Here's where I add some of that magic Echinoblog madreporite spice! For some reason, people always assume that madreporites are the same in every species. Not so. Here, for example, is a specimen of the large, multi-armed Crown-of-Thorns-Starfish, Acanthaster planci...
What's interesting about that?? Multiple arms. Multiple MADREPORITES!!! (see red circles)
When you think about it. This makes a lot of sense. You're bigger. You've got MORE tube feet going on. So, naturally, you would need MORE water and etc. to be driving those 10 additional arms!! You can also find multiple madreporites on big ass things like Pycnopodia helianthoides-the sunflower star..
Here, we have a deep-sea starfish (Dytaster grandis) which buries itself in mud or some kind of unconsolidated sediment. The madreporite is huge and covered by spiny platform shaped plates that may serve to keep mud from clogging up the pores..
But studies of madreporite function in these animals isn't really well known.... but sometimes, it does seem to have some functional relationship..

Now, don't forget that most other living Echinoderms have a madreporite!! (or some comparable parallel structure-crinoids don't technically have a madreporite)

Here for example is an ophiuroid (aka a brittle star). Ophiuroids form a separate class of echinoderms, but are closely related to sea stars. Their madreporites are found on the ORAL surface near the mouth... (as opposed to the aboral or top surface in proper sea stars/starfish).
Madreporites on Sea Urchins are located on the aboral side (i.e., the top)

whereas the madreporites in sea cucumbers are actually INTERNAL..

12 comments:

Mark Wilden said...

What's weird is that, on a radially symmetrical animal, the madreporite is conspicuously NOT in symmetry.

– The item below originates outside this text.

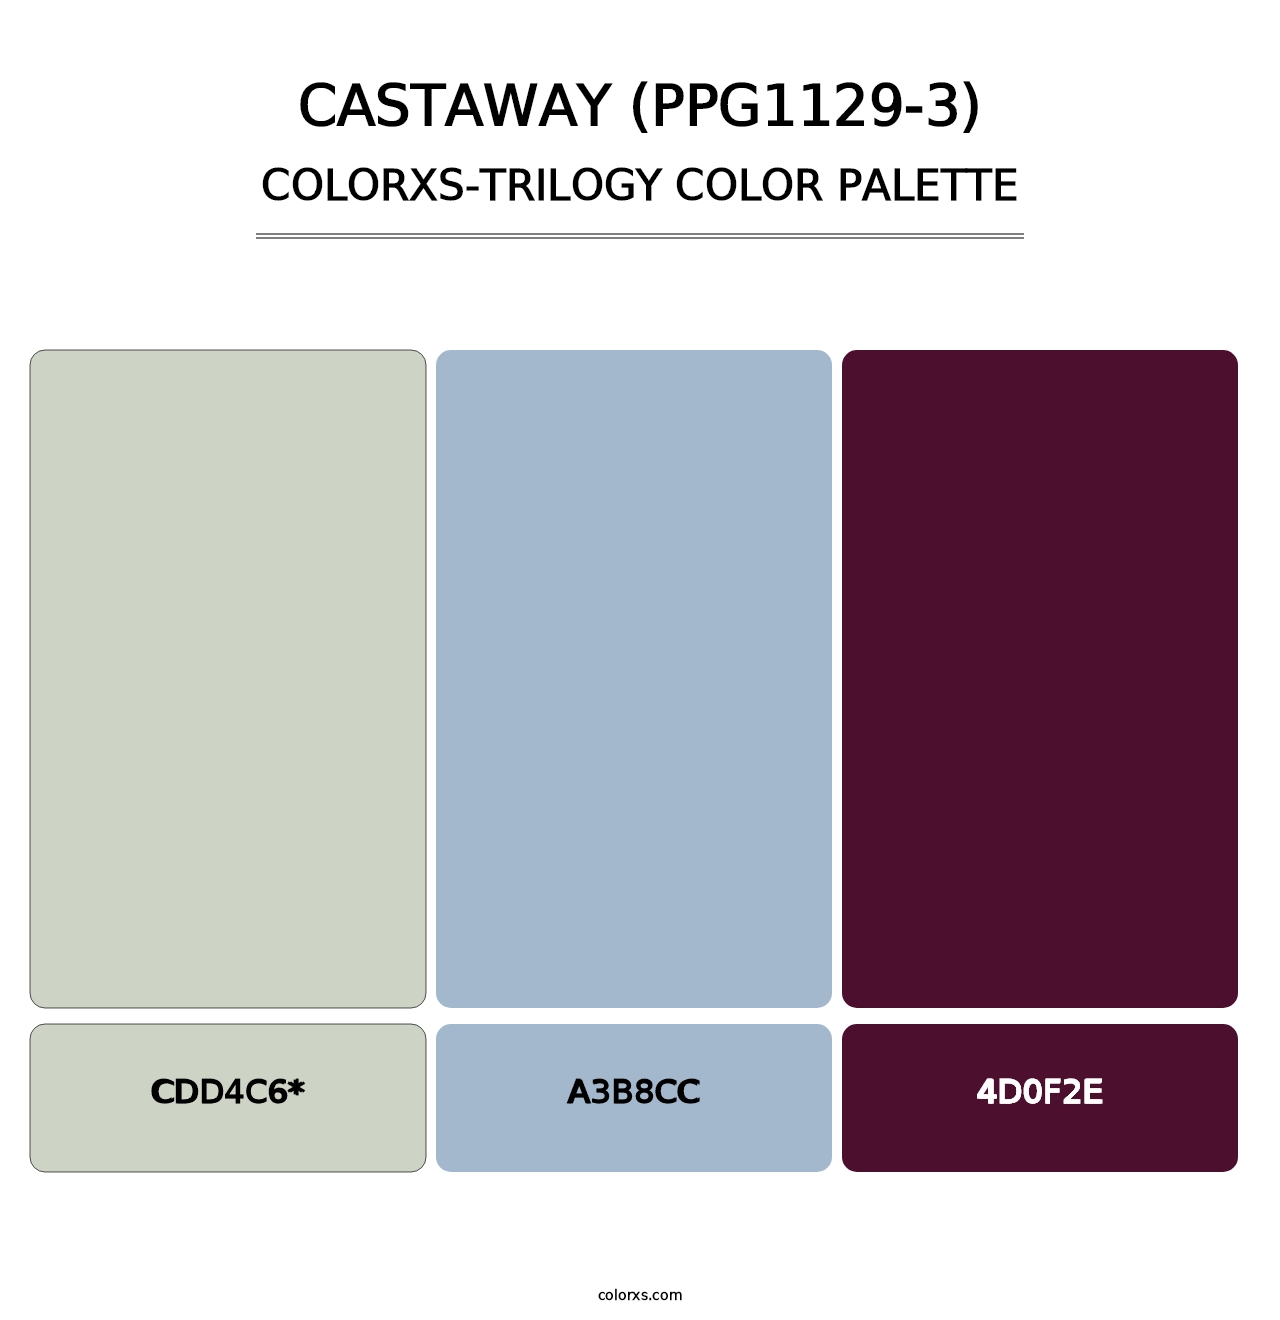 Castaway (PPG1129-3) - Colorxs Trilogy Palette

It makes sense, if it connects to just one spot on the ring canal, but it's something that visitors to the tidepool at CAS often comment on.

Acipenser said...

Well, as far as I know, crinoids don't have a madreporite. They have multiple hydropores opening on the tegmen, but no plate.

ChrisM said...

fair enough. i've clarified the point.

TalzhemirMrr said...

Thanks for a really clear and really cool post. :)

TPeel said...

Do you know if the madreporite has a secondary use as well? We've definitely seen 'stuff' come out of this port and weren't sure if it might be reproductive material or perhaps just detritus accumulated in the 'filter'.

ChrisM said...

I would need to see more evidence of that. The madreporite in asteroids is located adjacent to the anus. And in some species there are other openings. I'd need to see exactly what you're talking about.

Unknown said...

Thank you! I'm glad I came across your blog

Unknown said...

Thank you! Glad I came across your blog

Unknown said...

I'm trying to work this into a piece of art I'm doing now. Thanks for sharing these findings. I was happy to post this lesson on my Facebook.

-Shane Alan Rodriguez

Unknown said...

I'm trying to work this into a piece of art I'm doing now. Thanks for sharing these findings. I was happy to post this lesson on my Facebook.

-Shane Alan Rodriguez

gigi said...

do sea daisies have a madreporite though?

ChrisM said...

The New Zealand species had a hydropore which would be considered to be similar to a madreporite. But there is likely debate as to whether it is a "proper" madreporite.